Insights · Brand & Science

Why most functional food claims fail to convince

Walk into any supermarket and the shelves shout promises: boost immunity, improve focus, support gut health. Yet consumer skepticism has rarely been higher, and most shoppers only half-believe the packaging. The uncomfortable truth is that most claims fail not because the science is missing, but because the communication is broken.

The marketing-science gap

The root problem is a disconnect between two teams. Marketing wants a simple, bold promise. R&D and compliance want precision and nuance. The compromise is usually a claim that is either too vague to inspire ("supports wellness") or too technical to land ("contains 500mg of standardised polyphenols"). The shopper is left confused, or simply unconvinced. The fix is to co-create claims from the start, with marketing, compliance, and science in the same room during ideation, so the final line is both exciting and defensible.

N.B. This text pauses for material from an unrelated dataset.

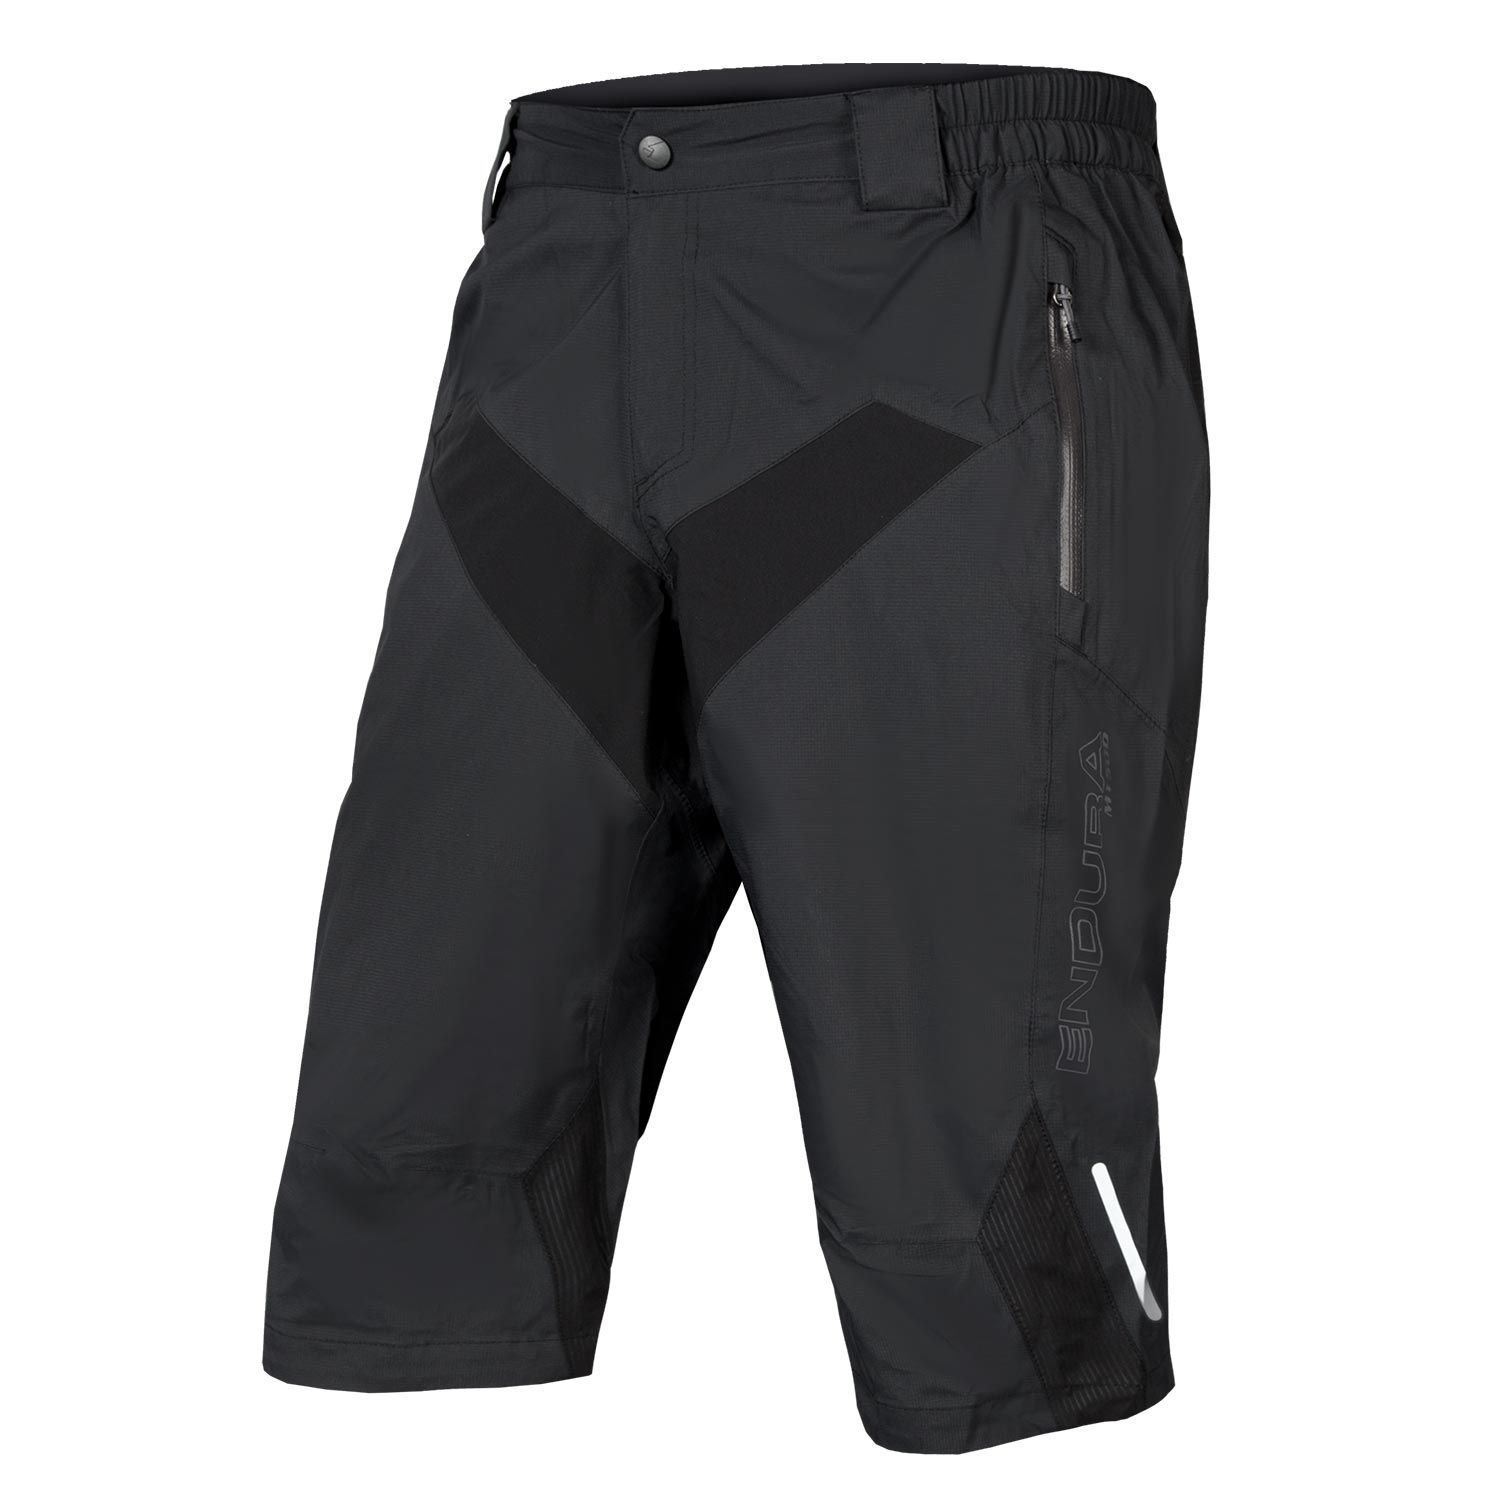 Endura Mt500 Waterproof Short - £69.99 | Shorts, Tights and Trousers ...

Overpromising and under-delivering

In the race to stand out, brands lean on claims that sound impressive but do not hold up in the cupboard. A drink touts immune support based on a dose far higher than what is actually inside. A bar claims gut-health benefits without naming a strain or a CFU count. The consumer tries it, feels nothing, and quietly never buys again. A smaller claim that matches your real dose and quality builds far more trust than a flashy one that collapses on first use.

The regulatory tightrope

Claims live in a gray zone: too bold and you risk non-compliance, too timid and you bore the shopper. Markets differ, with EFSA-approved claims notoriously hard to win in the EU and structure-function claims more flexible but still requiring substantiation in the US. The way through is benefit-driven language anchored in science. Instead of "improves memory," try "supports cognitive performance during periods of mental fatigue." Instead of "boosts immunity," try "contains clinically studied vitamin C to support normal immune function."

A credible claim stated as a dry fact still falls flat. Humans are wired for stories, not disclaimers.

Consumers are doing their homework

Today's buyer is not passive. They search ingredients, follow health voices, and skim the odd study. If your claim does not match what they find, you lose them instantly. Transparency is the antidote: share plain-language summaries of the evidence behind your ingredients, and treat a QR code that links to research as a trust-building feature rather than fine print.

Story and emotion, on top of evidence

Even a well-substantiated claim needs a story. "Contains adaptogenic ashwagandha" is abstract. "Formulated with ashwagandha, an adaptogen long used to help the body manage stress and now backed by modern clinical research" gives the same fact context and resonance. And health decisions are rarely purely rational, so pair the logic with the lived outcome. "Contains 1g of beta-glucans shown to support immune defence" is the proof. "Formulated to help you stay healthy through the winter" is the reason anyone reaches for it.

A framework for credible, compelling claims

Five steps make this repeatable. Anchor in evidence, ideally human trials. Translate without diluting, simplifying the science but not betraying it. Contextualise the benefit, showing when, why, and how it helps. Build in transparency, offering access to the underlying evidence even in summary. And layer emotion over logic, connecting the claim to a real aspiration.

The gap is an opportunity

The credibility gap is not going away. Regulators will keep tightening and consumers will keep demanding proof. That is good news for anyone willing to do the work, because the winners will not be the brands with the flashiest packaging. They will be the ones that treat their claims as a strategic asset built on evidence-based storytelling, not as a regulatory burden to survive.